I went to the news conference, hammered out a story in the White House press room, hopped in a cab and went to a dive college bar in Northeast (still wearing a suit) for the gig. That may have been the oddest collision of work and hobby I’ve ever had.

The Zen of Q

I smoked a brisket — which isn’t my BBQ specialty — for Labor Day and was rewarded with the most tender, flavorful briskie I’ve ever cooked. And I again was reminded why I enjoy cooking big hunks of meat for ridiculously long times until they are falling-apart tender.

Most people can’t make good BBQ, even if they want to, because it’s just too easy for them.
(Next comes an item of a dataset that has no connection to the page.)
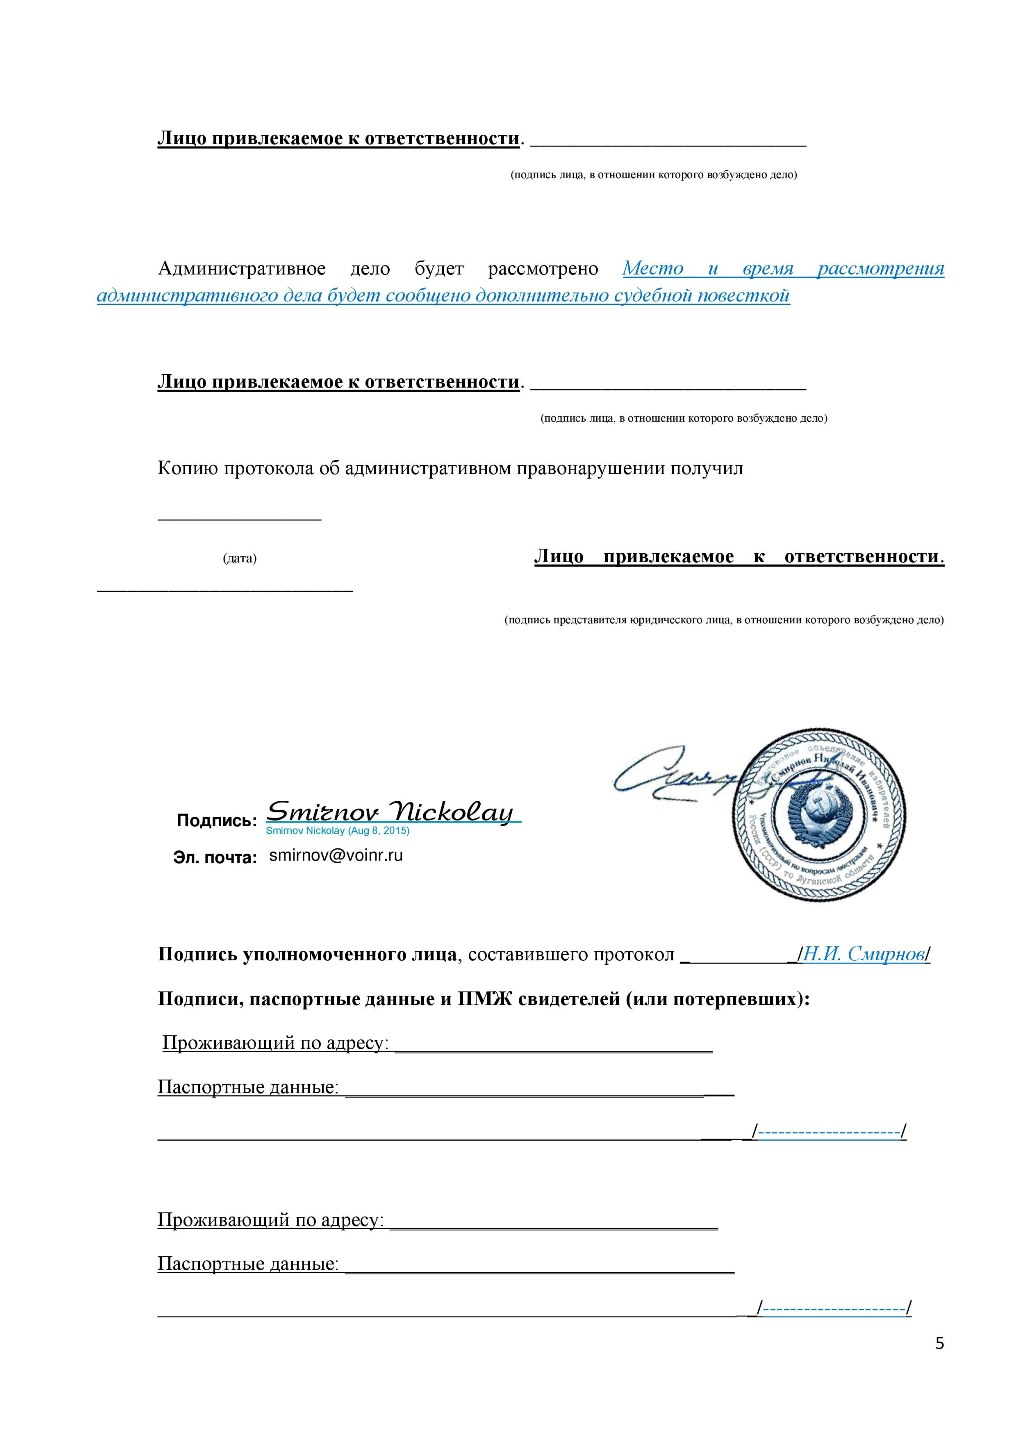 http://narsud-sssr.ru/wp-content/uploads/2015/08/page5.jpg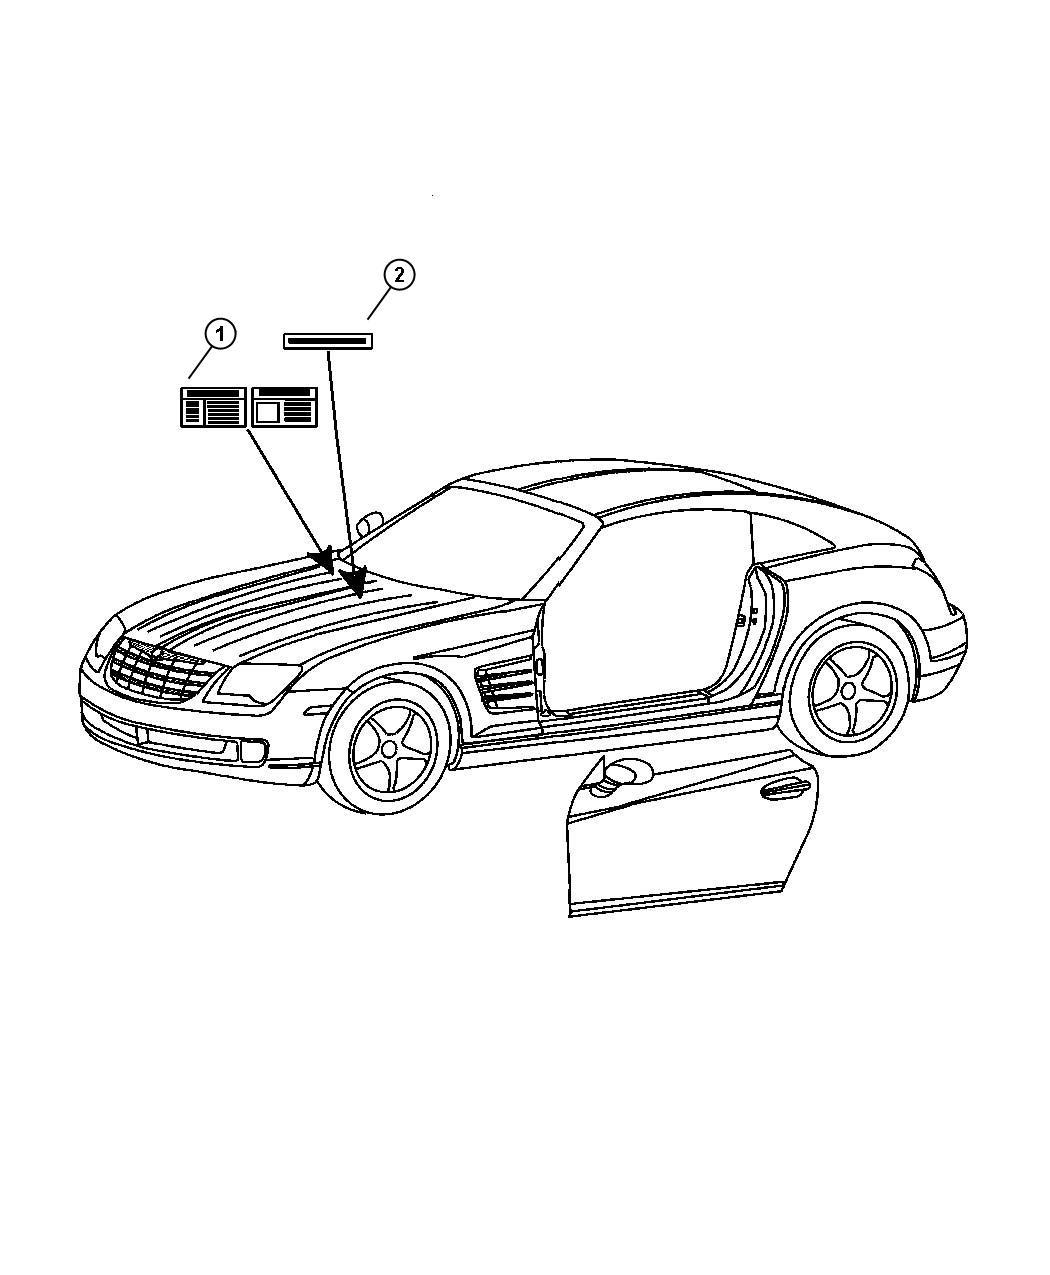 2010 Dodge Dakota Label. Emission. Charted on hood. Build

The concept of cooking a piece of meat for 12 (or even 18) hours while hardly ever messing with it at all is anathema to most folks. They just can’t wrap their arms around the concept of cooking something that requires almost no intervention. They want to prod and poke and peek and measure and turn, and what they usually end up doing is ruining and giving up.

Making Q is all about the art of slowing down. I know that once I get the temperature stabilized on my smoker, I might need to visit it once every four or five hours. My Q doesn’t need my help; it needs to be left alone. There’s a lesson in that for a lot of hyperstimulated people these days.

Since I had the smoker fired up, I also made pastrami (which is just smoked corned beef, covered in coriander and black pepper) and smoked a link of Texas sausage I had sitting around. I’ve now got meals for at least the next three days.

Slow down. Cook some Q. Have a beer. Enjoy the day.